Like B-type instructions, the least significant bit of the target address is omitted as it must be 0 (instructions are aligned on even byte boundaries when using compressed instructions, or 4-byte boundaries otherwise). The jump offset is sign-extended and added to the PC to form the jump target address.

Instructions of RISC-V are designed to follow maximum commanility.

  • Fixed size instructions
    This keeps fetch and decode simple. Hardware can slice instructions in constant widths, improving pipeline timing. (Compressed 16-bit instructions exist, but the base ISA remains fixed-width.)
  • Opcode is always last 7 bits.
  • When required, rs1, rs2 and rd are always placed at the same positions.
  • If rd is not required, a subset of imm is stored there.
  • When imm is required, its MSB is stored in the instruction’s MSB.
    Reason: to improve performance in sign extension
  • No implicit condition codes
    Instructions don’t set hidden flags (like x86’s CF, ZF). All comparisons produce explicit results → simpler out-of-order execution.
  • No privileged instructions in the base ISA
    User-level ISA is fully separated from privileged instructions (CSR, traps, paging). A clean split makes OS design clearer.
  • 32 registers, all general-purpose No “special” registers except x0 = hardwired zero. Simplifies compiler register allocation and reduces instruction count.
  • Load–store architecture Only loads and stores access memory. All arithmetic uses registers → easier pipeline, fewer hazards.
  • Simple memory addressing modes Only base + offset. No complex scaling or indirection. Hardware addressing logic is tiny and fast.

RISC-V instructions can be executed in at most 5 clock cycles. RISC-V has a 5-stage pipeline.

Instruction TypeRequired CCUsed Stages
B3IF, ID, EX
S4IF, ID, EX, MEM
R, I, U, J5IF, ID, EX, MEM, WB

Current instruction pointed by the PC is fetched from memory. Update the PC to the next sequential instruction by adding 4 bytes.

Both of the operations are performed in parallel:

  • Decode the instruction
  • Read the specified registers
    Equality test on registers are done as they are read. The register might be unused, but it doesn’t hurt performance. Power is wasted though. Power-sensitive designs might avoid this.
  • Offset is sign-extended
    The immediate field is always in the same place, so sign-extension is straightforward. Possible branch target is computed by adding the sign-extended offset to the incremented PC.

Decoding is done in parallel with reading registers. It’s possible because the register specifiers are at a fixed location in a RISC architecture. This tech- nique is known as fixed-field decoding.

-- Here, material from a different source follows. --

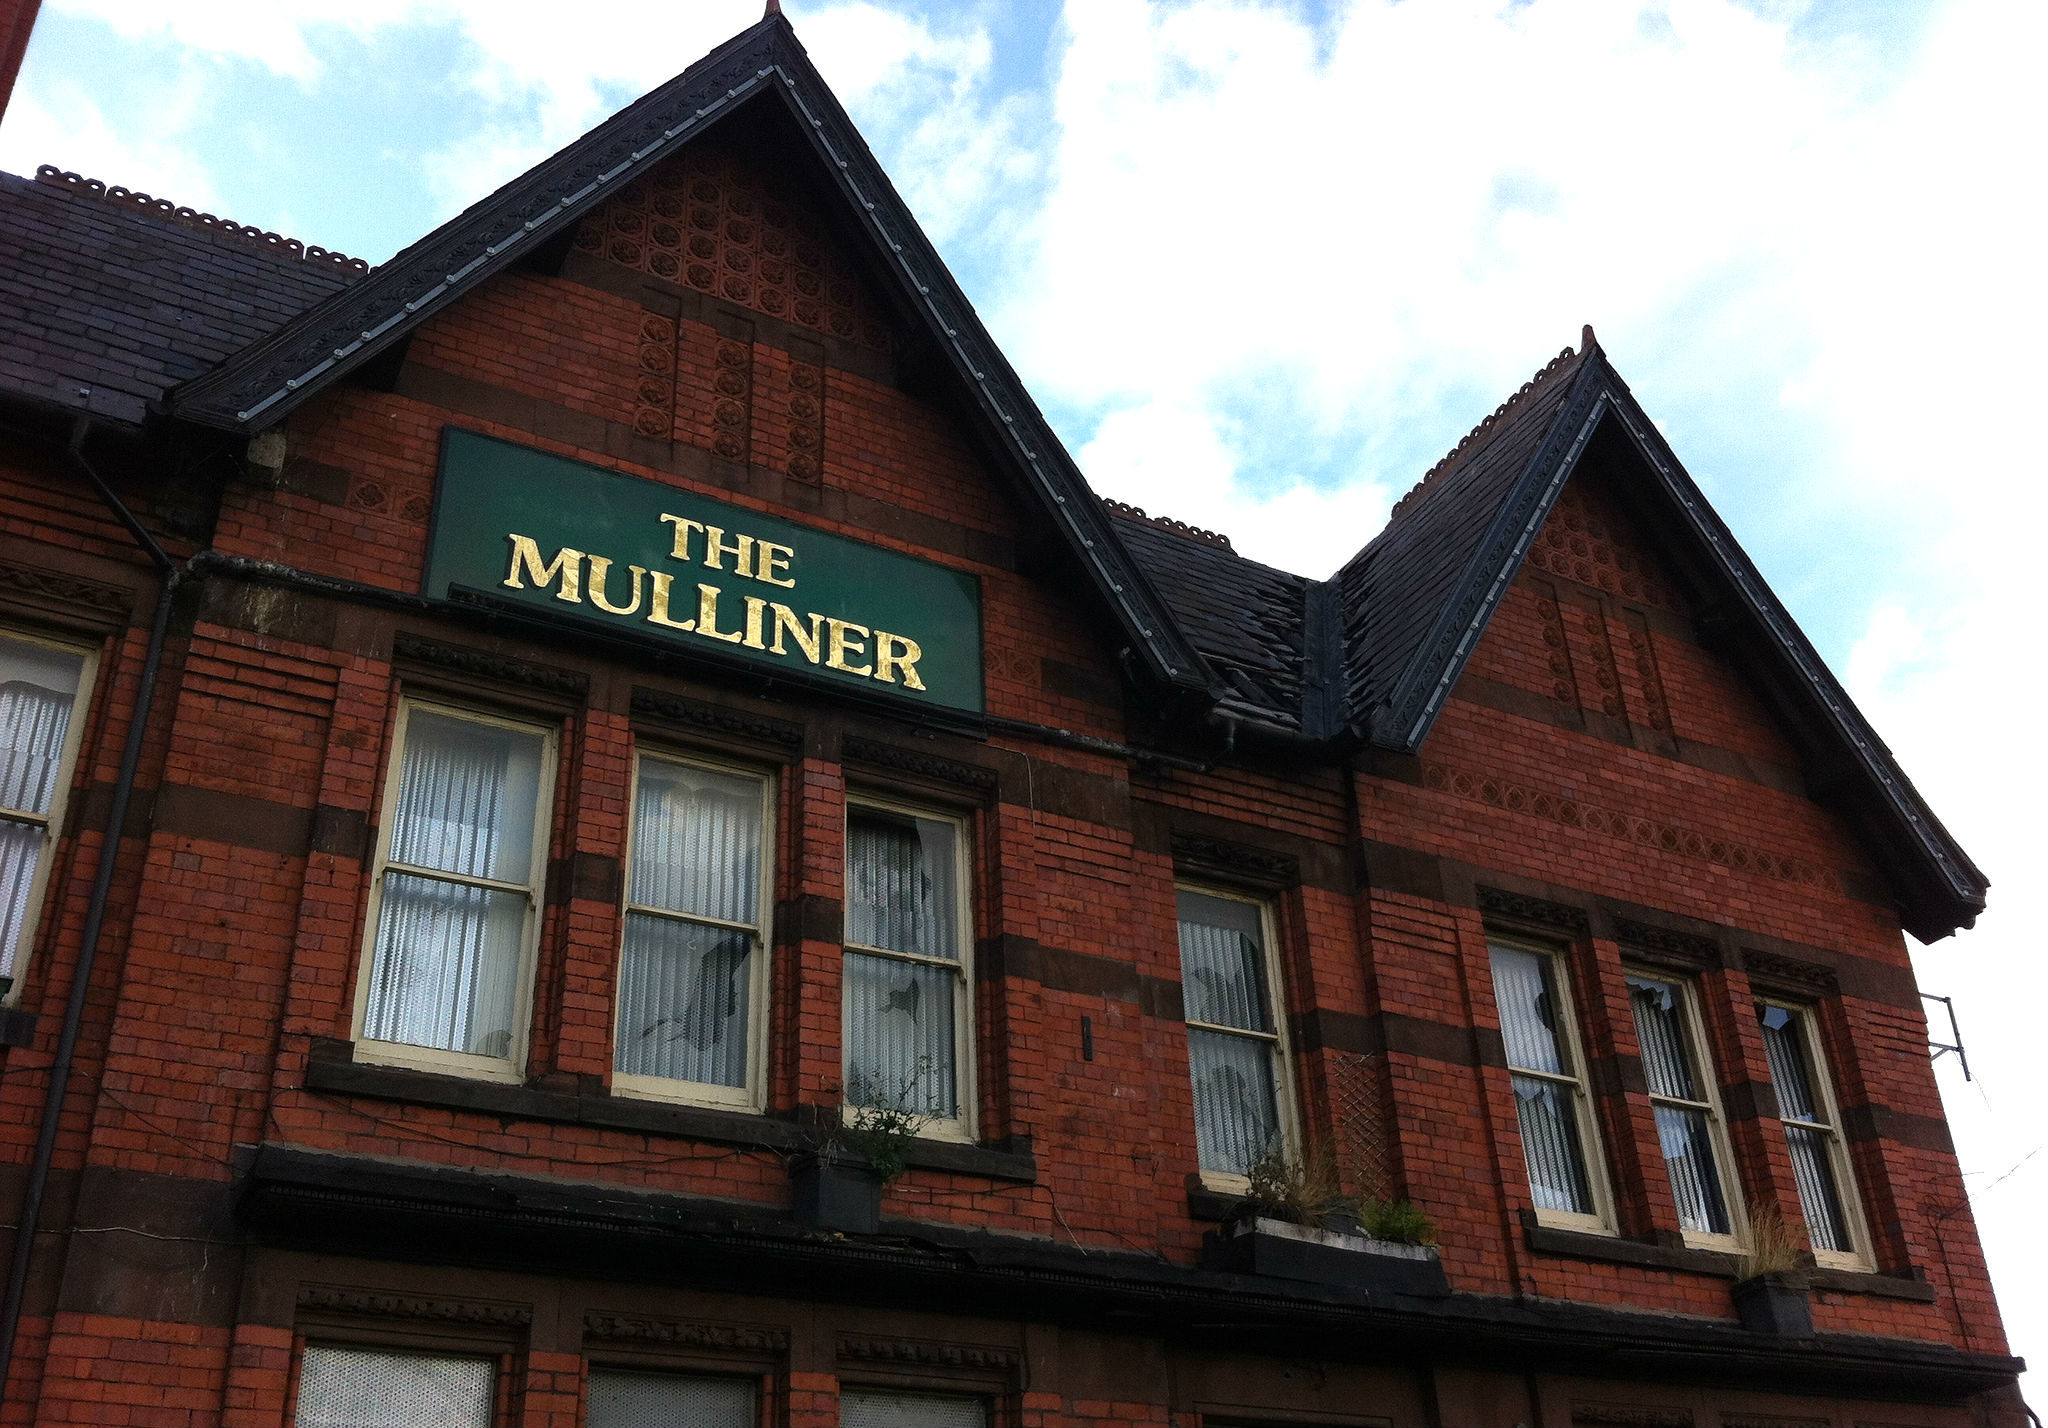 the mulliner

Only one of the following tasks is performed:

  • Effective address is calculated (base register + offset) OR
  • Other ALU operation is performed based on the instruction type
    • For Register-Register ALU instruction
      The ALU performs the operation specified by the ALU opcode on the values read from the register file.
    • For Register-Immediate ALU instruction
      The ALU performs the operation specified by the ALU opcode on the first value read from the register file and the sign-extended immediate.
    • For Conditional branch instruction
      Determine whether the condition is true.

The reason is RISC-V is load-store architecture. No instruction needs to simultaneously calculate a data address and perform an operation on the data.

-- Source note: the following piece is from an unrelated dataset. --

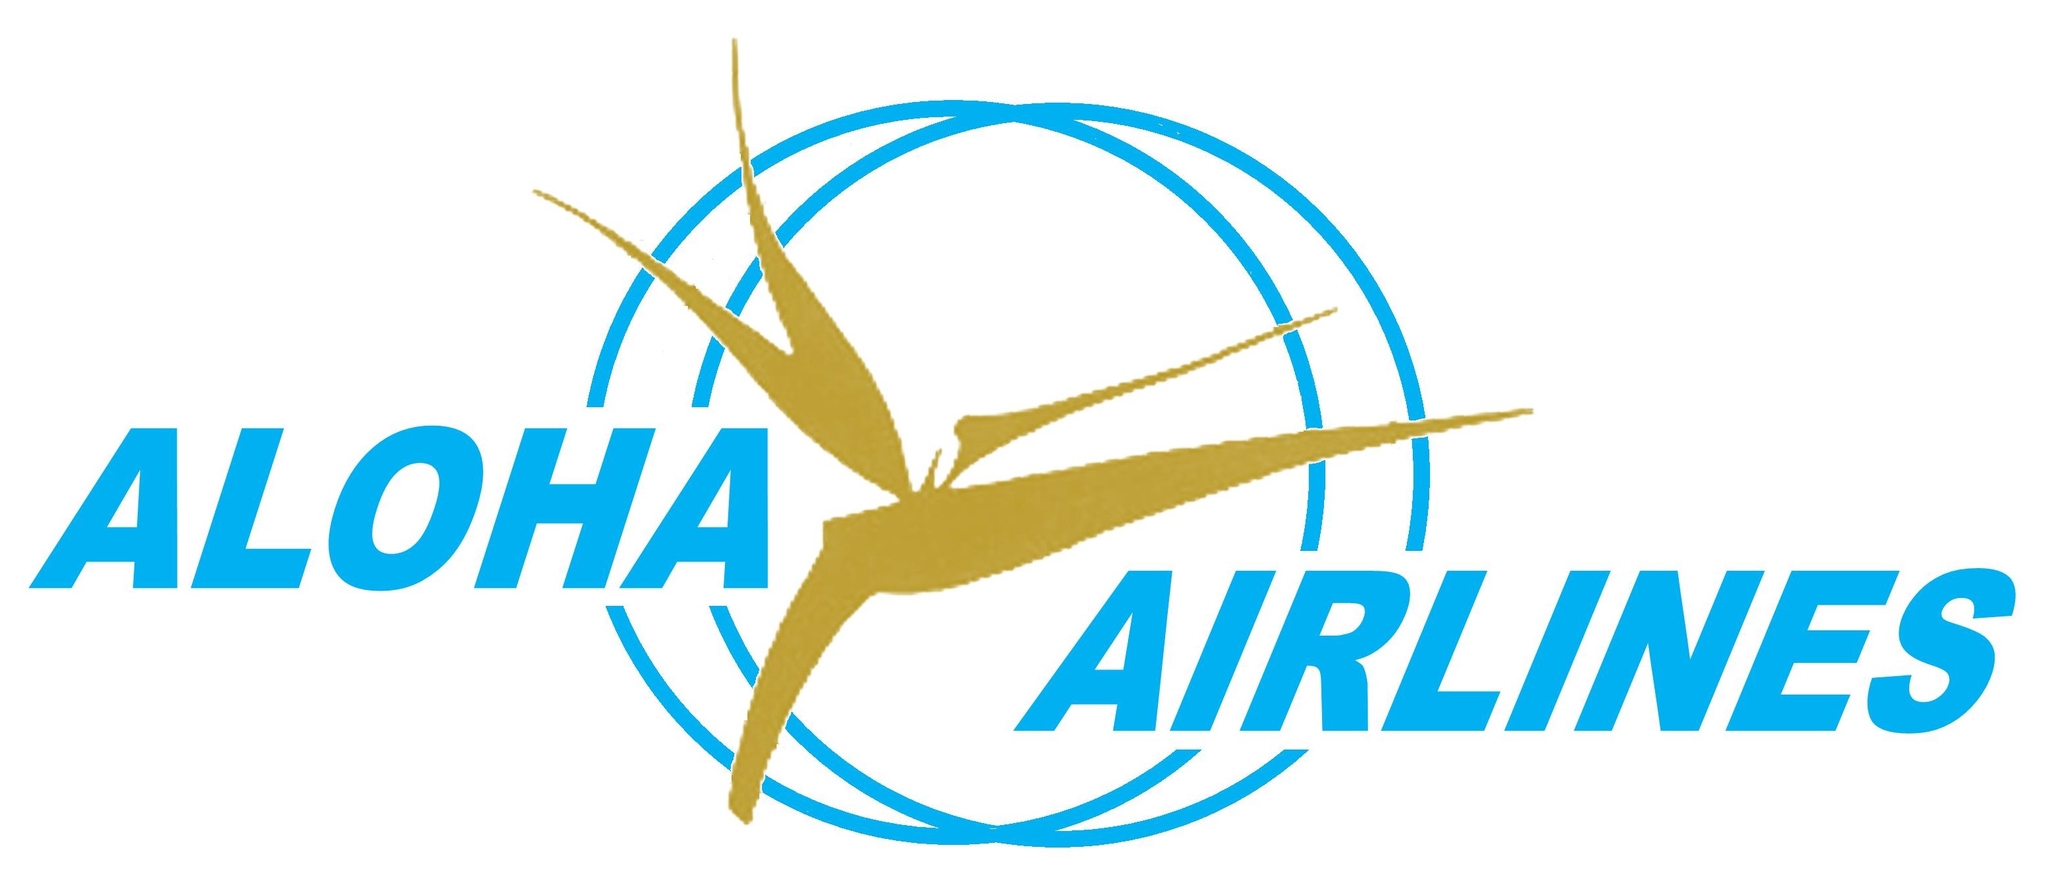 Aloha Airlines
Keywords: Aloha Airlines

Required only for S instructions. Dummy stage for R, I, U and J instructions. Skipped for B instructions.

  • For a load: the memory does a read using the effective address computed in the previous cycle
  • For a store: the memory writes the data from the second register

Skipped for B instructions because:

  • No memory access and no write back is required
  • PC updates cannot be delayed

J instructions also has to update PC, but they have to write to ra (WB stage). Because of that they go through MEM stage.

Write result back to destination register. Skipped for S and B instruction.

  • For an ALU instruction The ALU’s output is written.
  • For a load instruction The data fetched from memory in MEM stage is written.
  • For jump instruction
    Return address is stored in the ra register.